Hyloxalus saltuarius
- Conservation status: Data Deficient (IUCN 3.1)

Scientific classification
- Kingdom: Animalia
- Phylum: Chordata
- Class: Amphibia
- Order: Anura
- Family: Dendrobatidae
- Genus: Hyloxalus
- Species: H. saltuarius
- Binomial name: Hyloxalus saltuarius (Grant & Ardila-Robayo, 2002)
- Synonyms: Colostethus saltuarius Grant & Ardila-Robayo, 2002

= Hyloxalus saltuarius =

- Authority: (Grant & Ardila-Robayo, 2002)
- Conservation status: DD
- Synonyms: Colostethus saltuarius Grant & Ardila-Robayo, 2002

Species of amphibian

Hyloxalus saltuarius is a species of frogs in the family Dendrobatidae. It is endemic to Colombia where it is only known from the Cordillera Oriental in the Caquetá Department.
This frog is terrestrial. Its natural habitats are premontane humid forests. It lives on the forest floor. It has been observed between 1200 and 2000 meters above sea level.

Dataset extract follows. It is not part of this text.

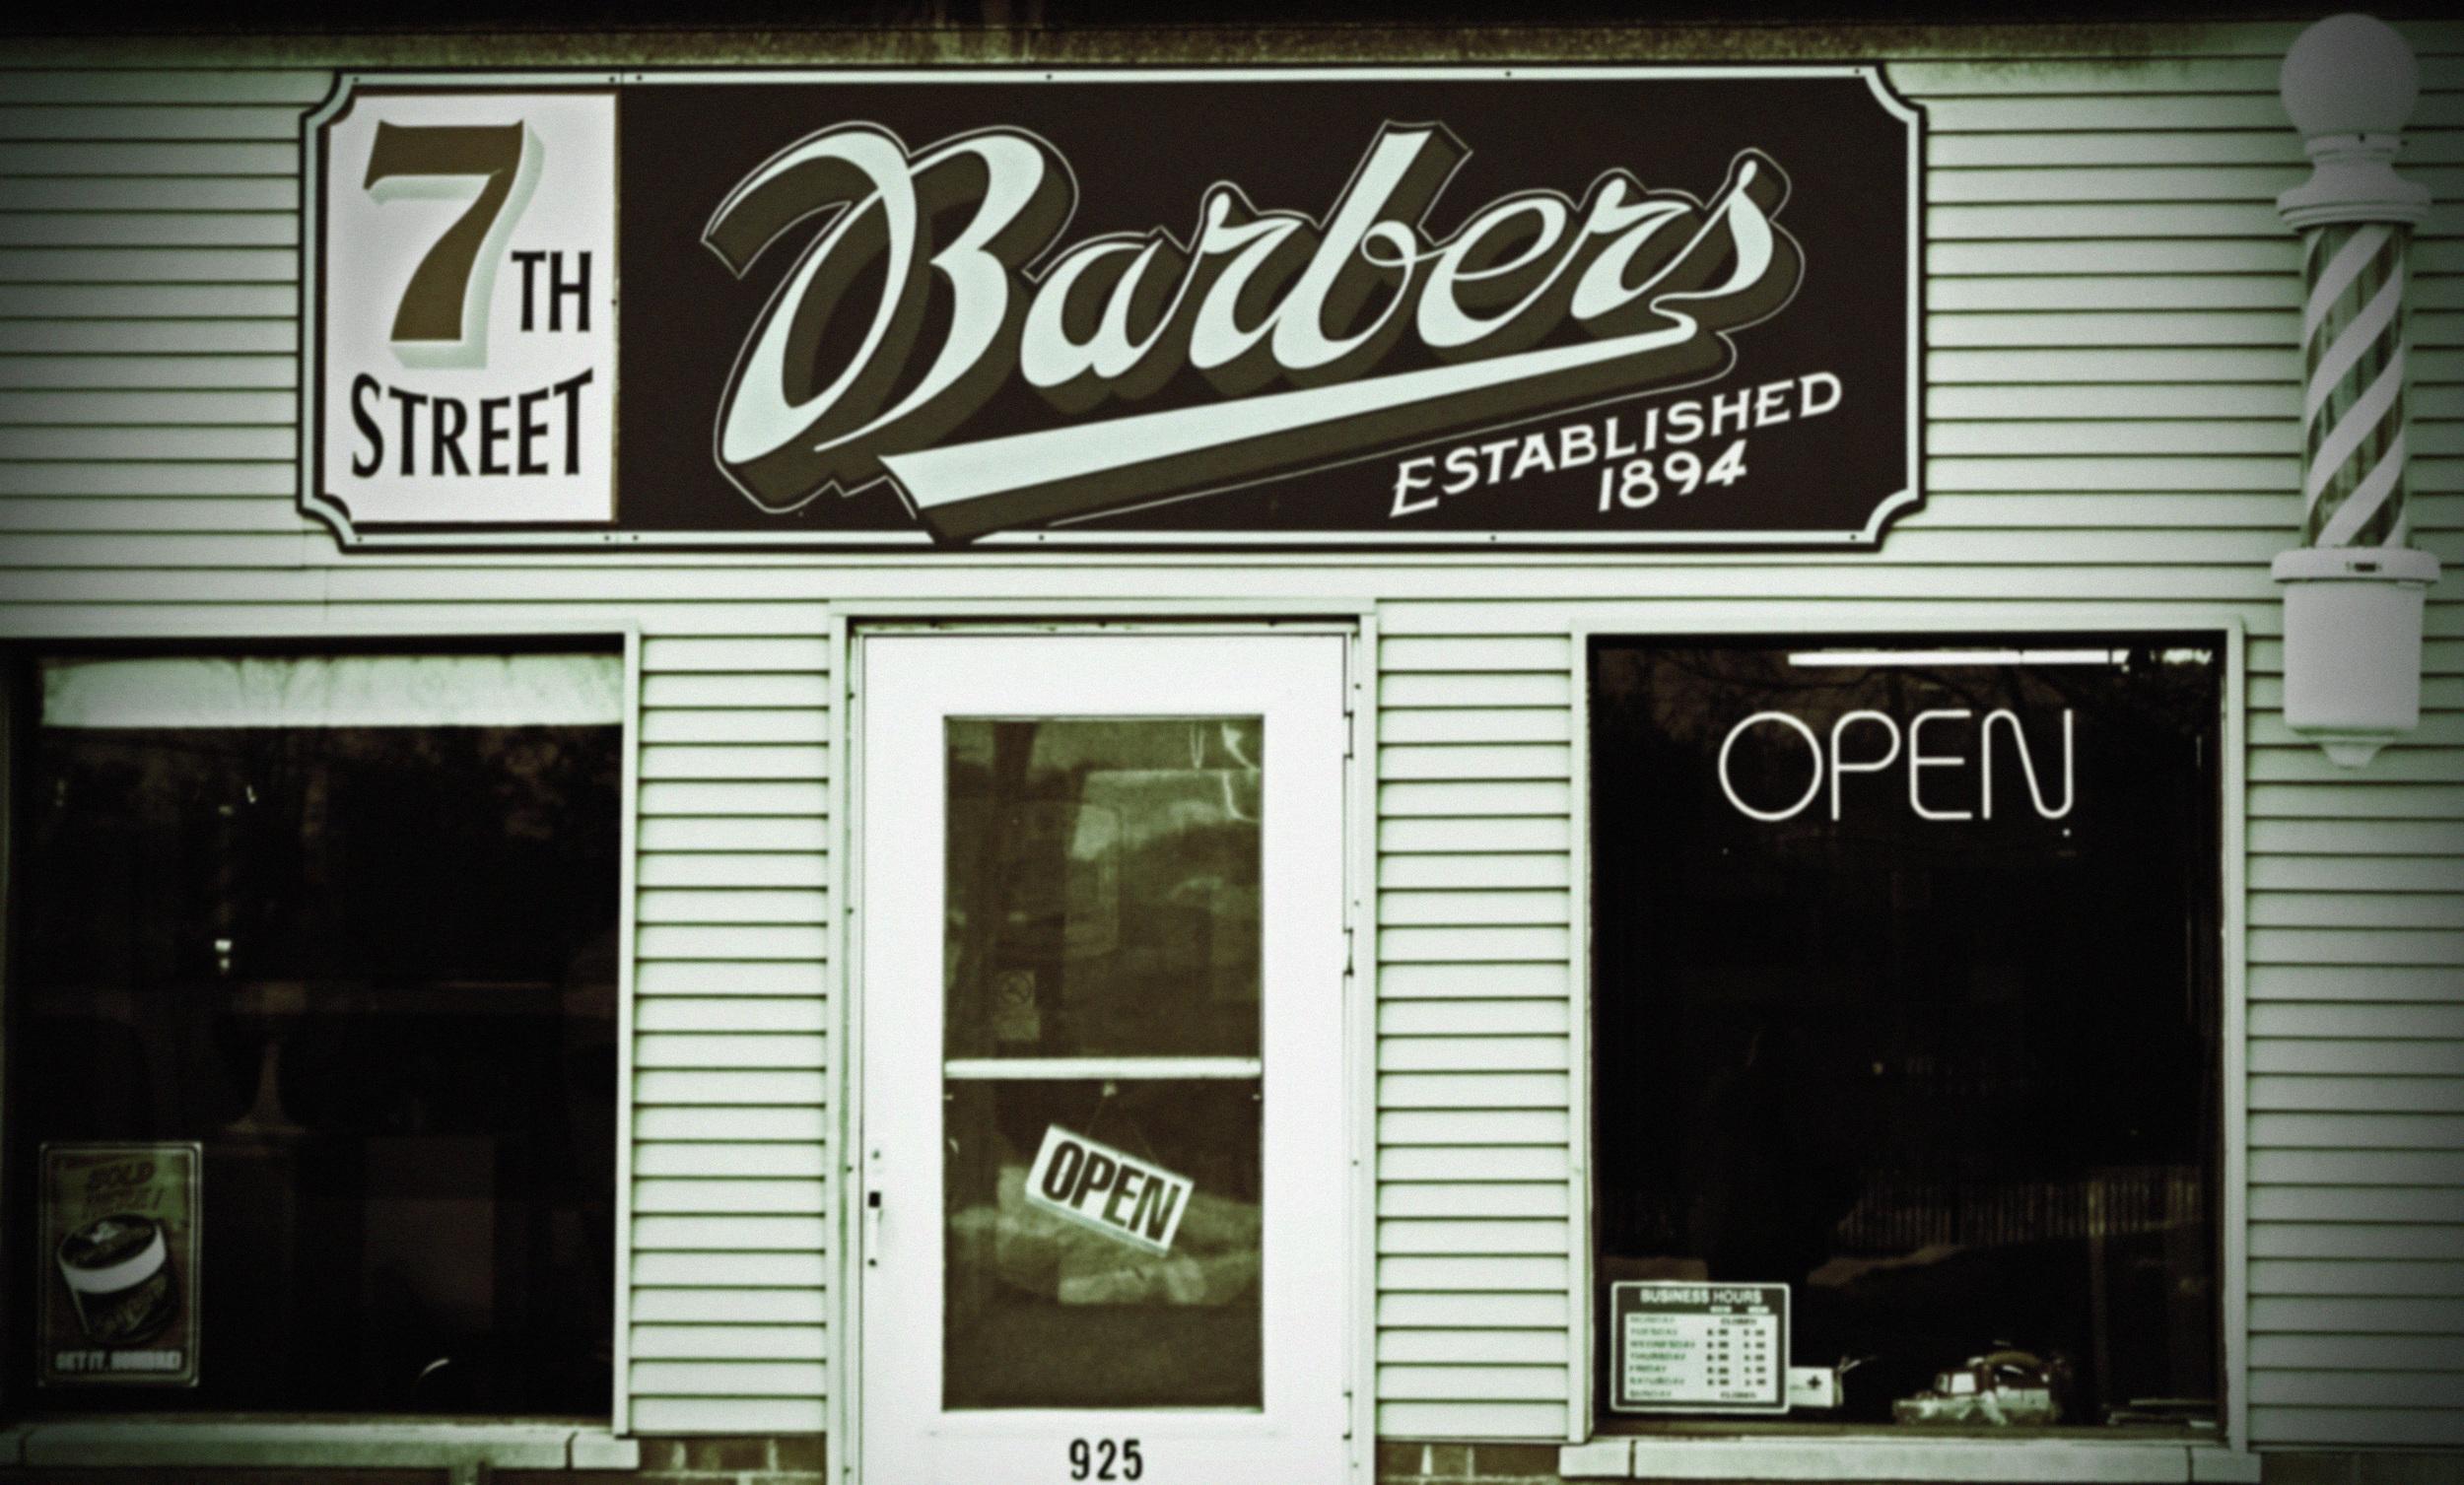 7th Street Barber.jpg
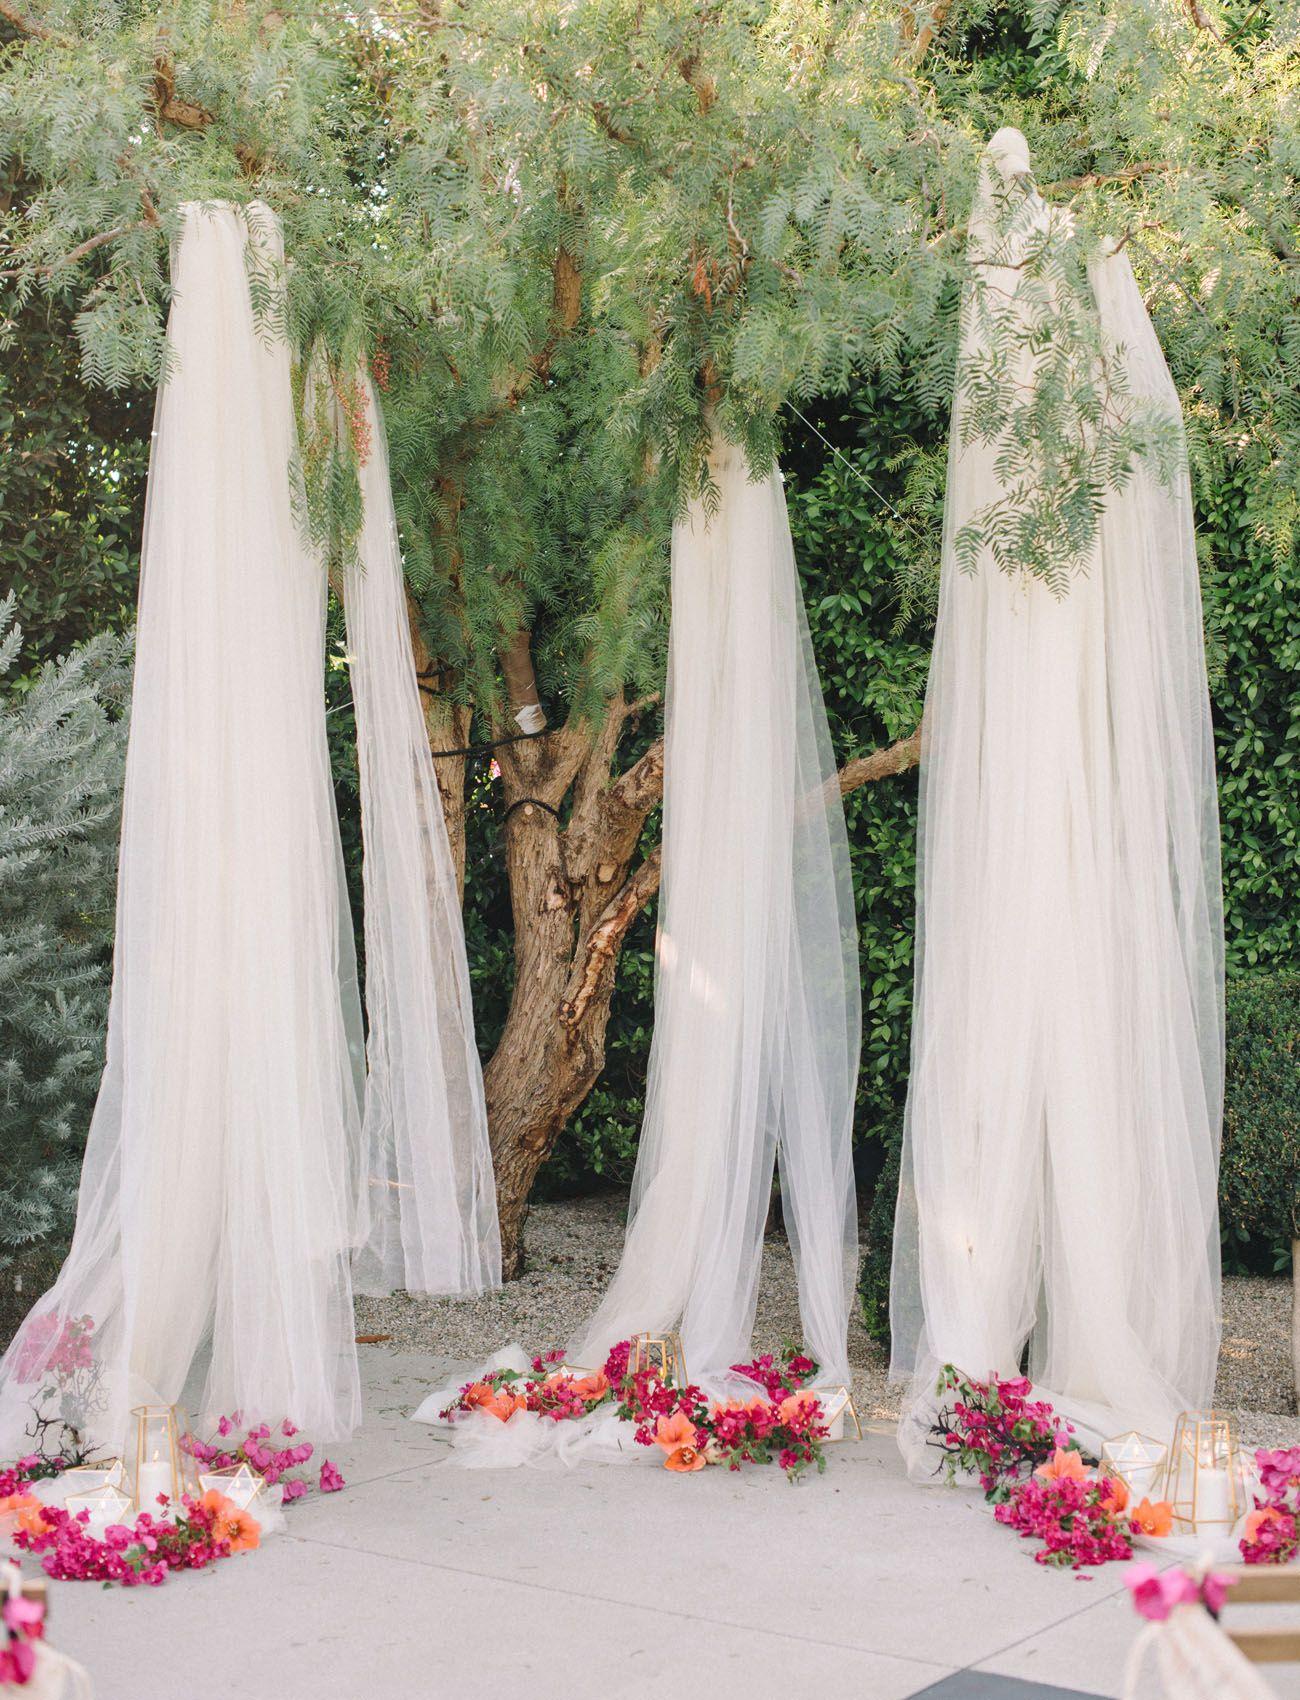 Bright + Modern Wedding Inspiration at The Fig House | Green Wedding Shoes  | Diy wedding backdrop, Outdoor wedding backdrops, Tulle wedding decorations

The IUCN classifies this species as data deficient; scientists do not know whether it is in danger of dying out. A survey to its habitat in 2000 showed several individuals. The frog's known range includes two protected parks: Parque Nacional Natural Cueva de los Guácharos and Parque Nacional Natural Cordillera Los Picachos.